Depending on the sewage generation, sufficient numbers of sewage collection tanks and sewage treatment modules (STMs) would have to be operated in parallel. The advantage here lies in the fact that the number of STMs to be operated or the duration of operation can be regulated in proportion to the rate of sewage generation on any day.

This flexibility is not at all possible in the case of continuous clariflocculators, in whose case, as the sewage flow becomes low, it will take a few days to get the tank filled up to the overflow launder. The result is that the accumulated mass becomes septic and starts emitting foul-smelling and toxic gases.

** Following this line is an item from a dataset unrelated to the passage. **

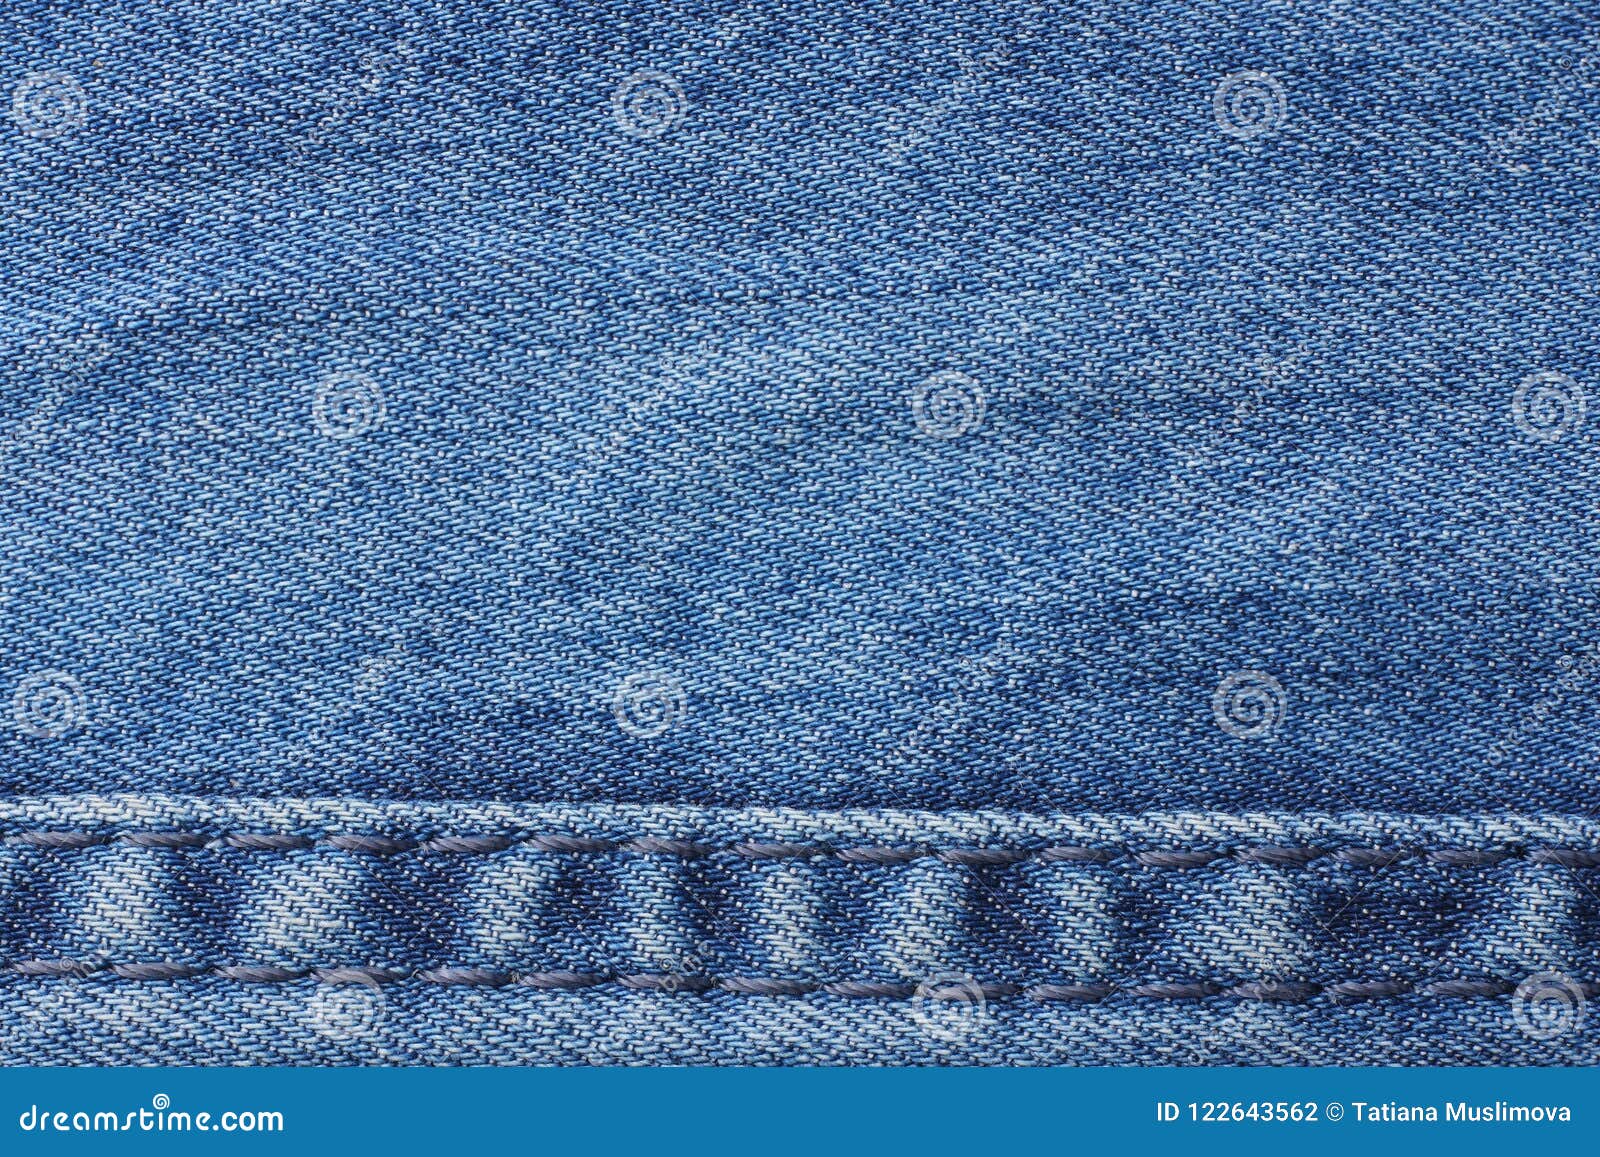 Blue Jeans Background. Jeans Texture Stock Photo - Image of denim ...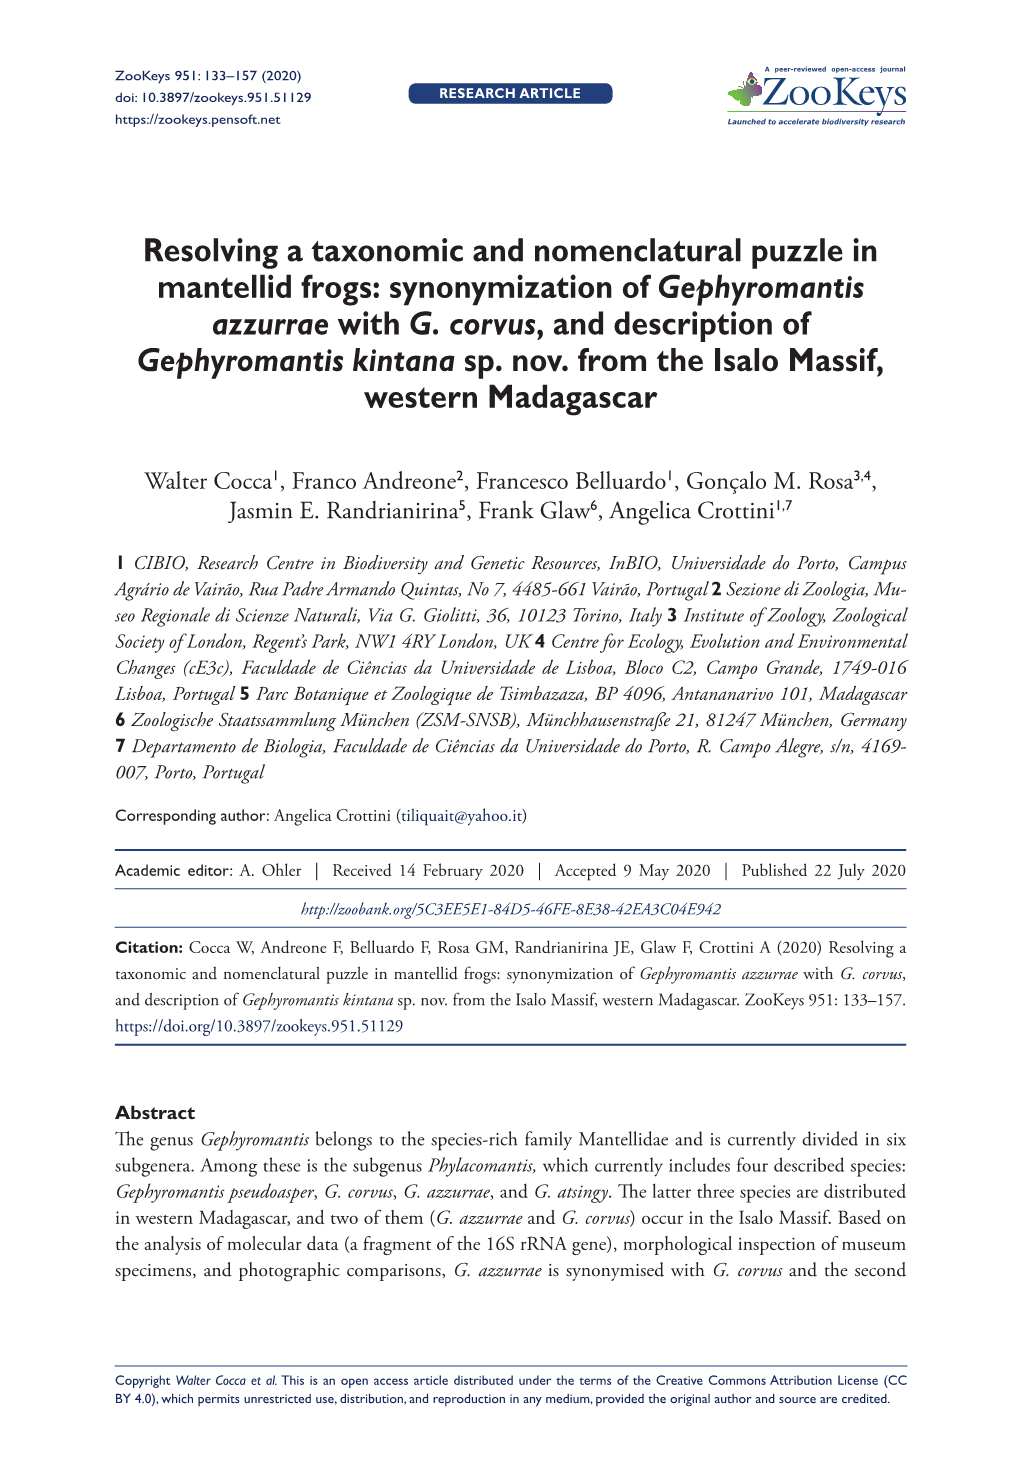 Resolving a Taxonomic and Nomenclatural Puzzle in Mantellid Frogs: Synonymization of Gephyromantis Azzurrae with G

Chemical precipitation technique had been the standard process of sewage treatment in the US and European countries from the beginning of the last century. The cost of chemicals (coagulants) and the difficulty of sludge disposal were the main drawbacks seen as prohibiting their use in developing countries. But, now, chemical precipitation has made a comeback with low cost coagulants having been developed from waste materials.

On the other side, advancement of solid-liquid separation techniques has more or less solved the sludge disposal problem, too.

Citing an instance of purifying sewage by chemical precipitation followed by chemical oxidation, Mr Pillai said adequate dosage of an effective coagulant is uniformly mixed with sewage for precipitating and removing suspended and dissolved organic as well as inorganic matter.

Special type of flash mixers, flocculators and phase separation systems are employed for quick processing of sewage.